Interest rates might have to rise further

The Central Bank of Iceland should maintain the strong reins of monetary policy until there is clear evidence that inflation will rebound to a 2.5% inflation target and inflation expectations have again been restored in line with the target.

This is among the recommendations of the IMF delegation following a review of the Icelandic economy and employment in 2023.

To achieve this, the CBI’s policy rate may have to rise further from the current level, and the bank’s real interest rate may have to remain above the neutral level for as long as necessary, especially under conditions of overheating economy and more persistent inflation on a broad basis, as indicated in the opinion of the delegation.

Less growth and more inflation?

The prospects for growth are rather positive in the view of the IMF delegation, but they are accompanied by imbalances and are subject to significant risks. However, the review points out that economic growth could be lower and inflation could be higher than currently apparent and that tighter international financial conditions could lead to higher funding costs for Icelandic banks that rely on international financing.

The mission notes that failures in central bank monetary policy in foreign developed countries could lead to a continuation of high imported inflation, which would give rise to tighter controls here. Further labour tensions are possible, which could disrupt economic progress and lead to collective bargaining that increases inflationary pressures, according to the mission.

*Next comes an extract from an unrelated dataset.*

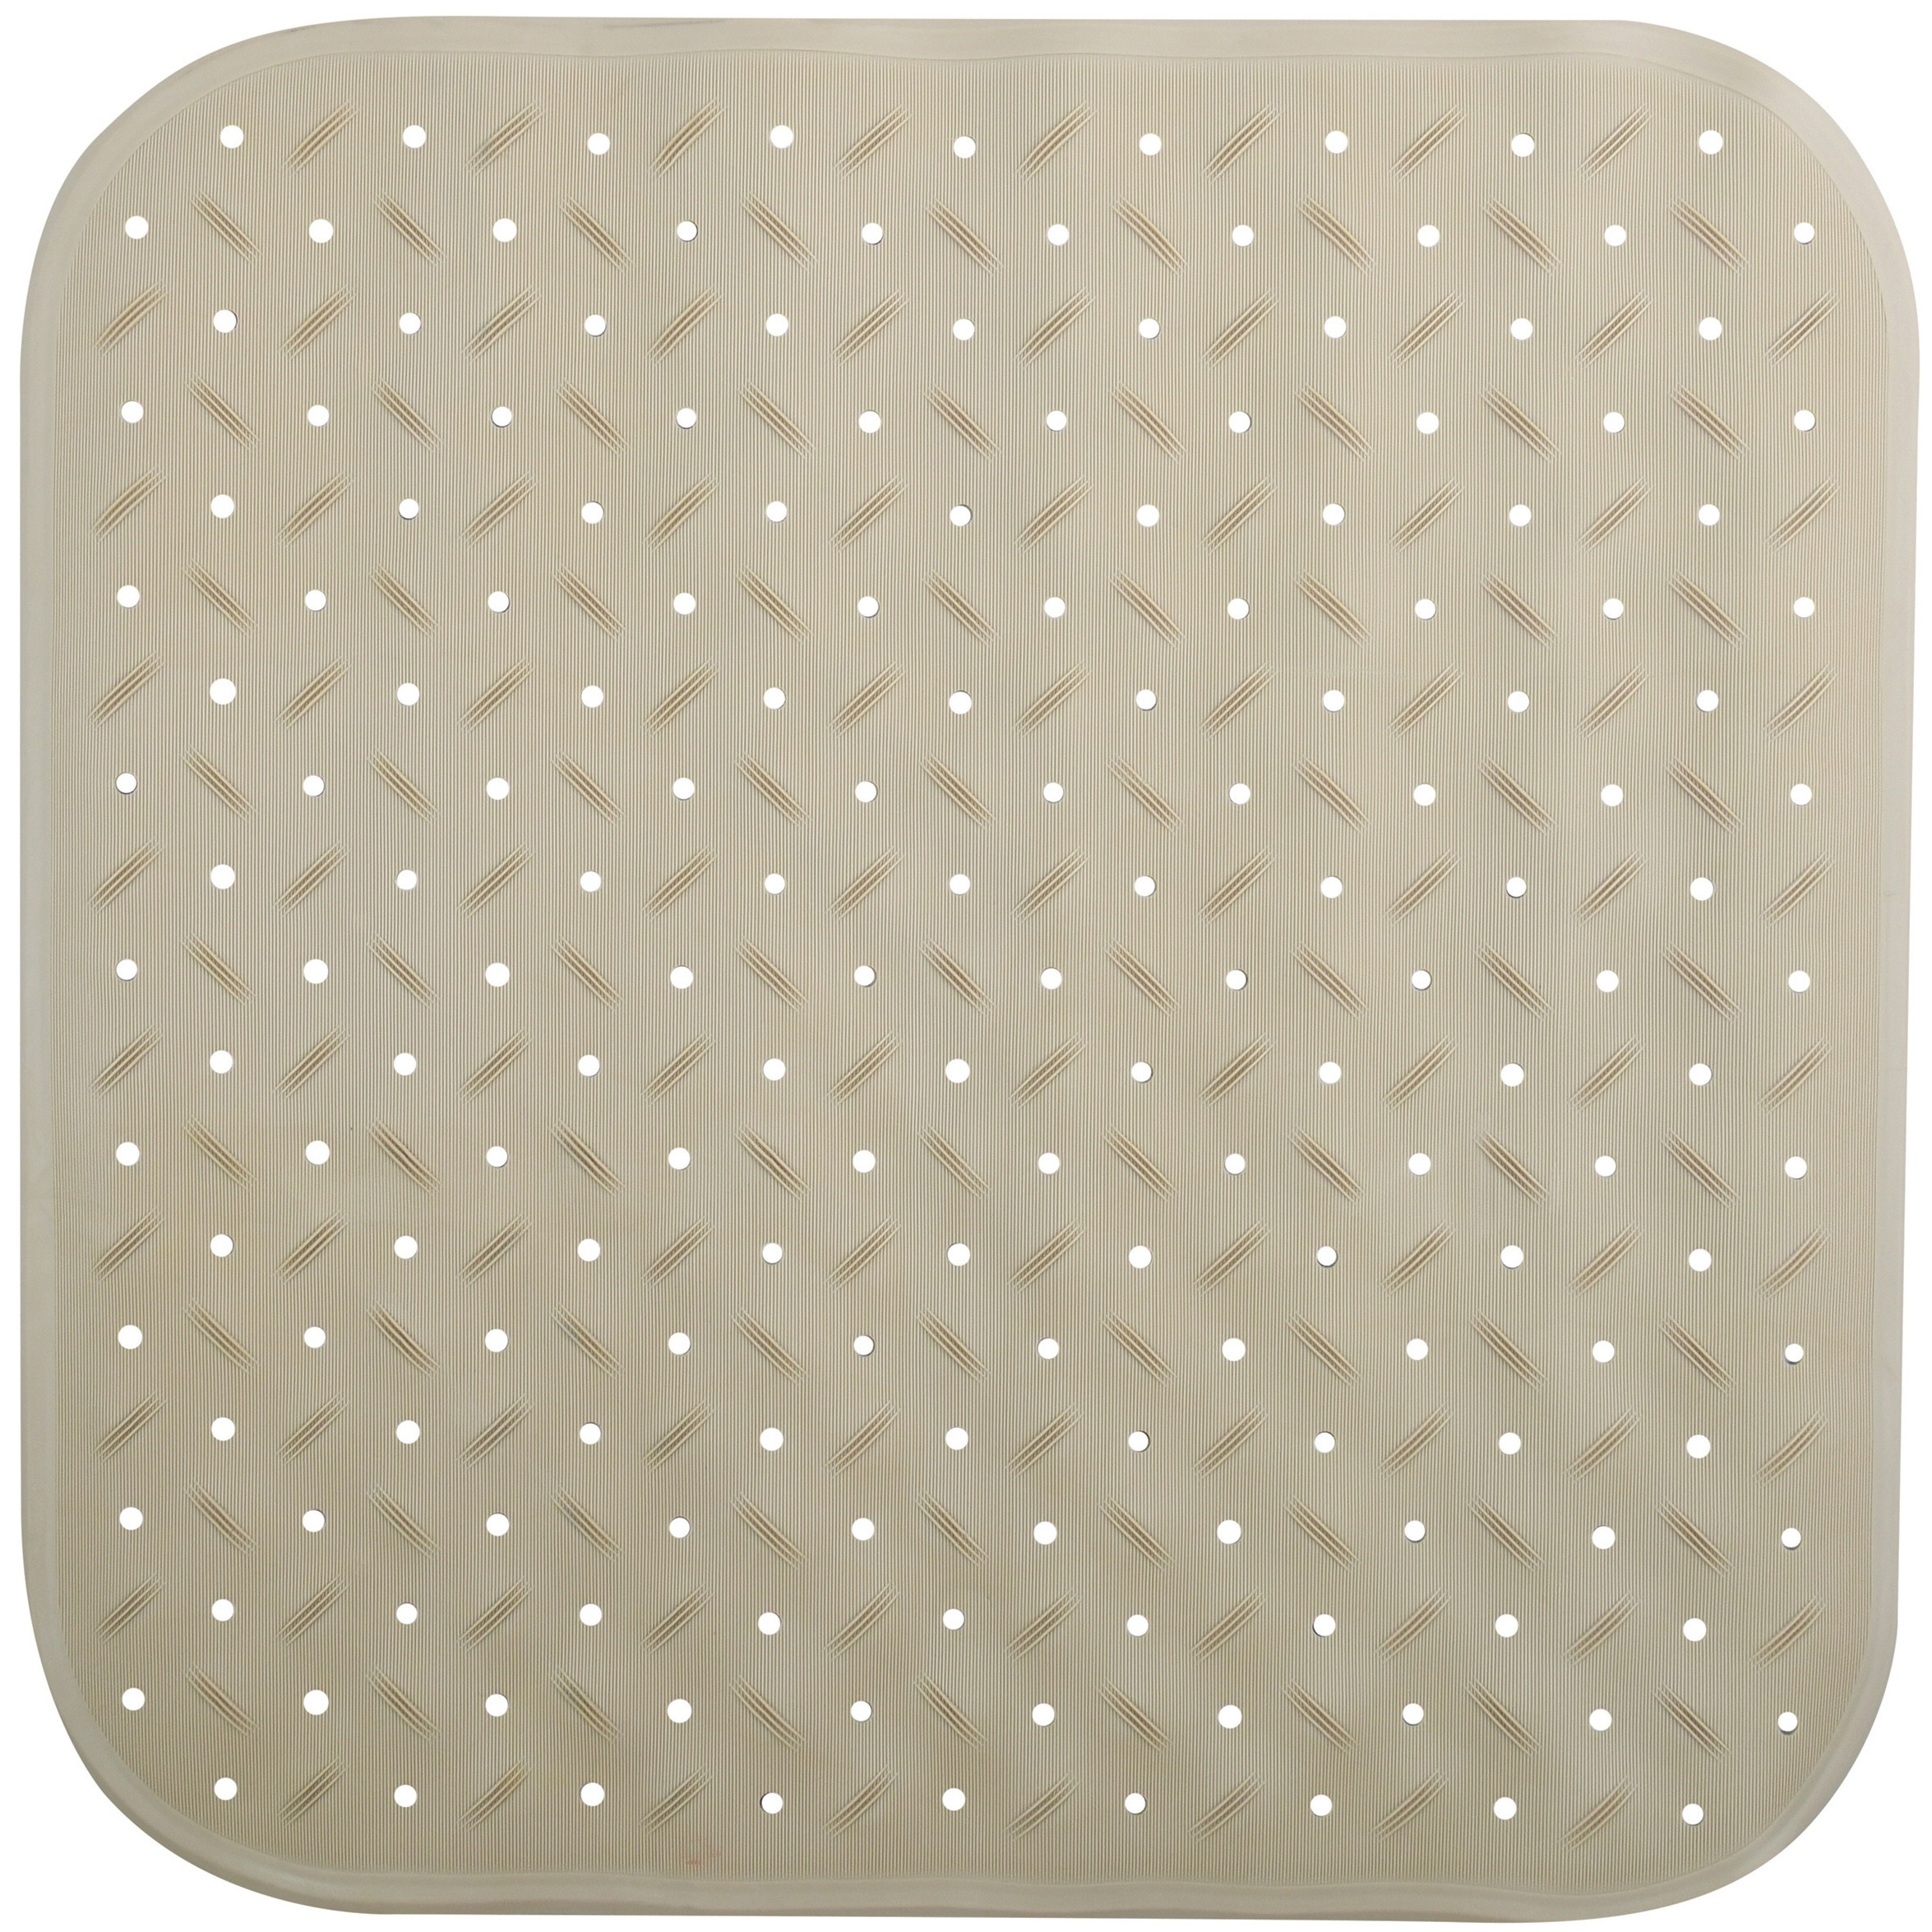 Douche-bad anti-slip mat badkamer rubber beige 54 x 54 cm vierkant

Iceland has shown great resilience

The mission’s opinion states that Iceland has shown great resilience against a series of external shocks since 2019, but under conditions of overheating economy and inflation well above target, it is necessary to increase restraint in economic governance while simultaneously protecting the position of the least well-off.

The delegation also believes that it is time to include structural reforms in the new sector, which should facilitate greater diversification and improve sustainability and productivity in traditional export sectors, including tourism. The coming round of negotiations provides an opportunity to reconcile real wages with productivity gains, according to the delegation.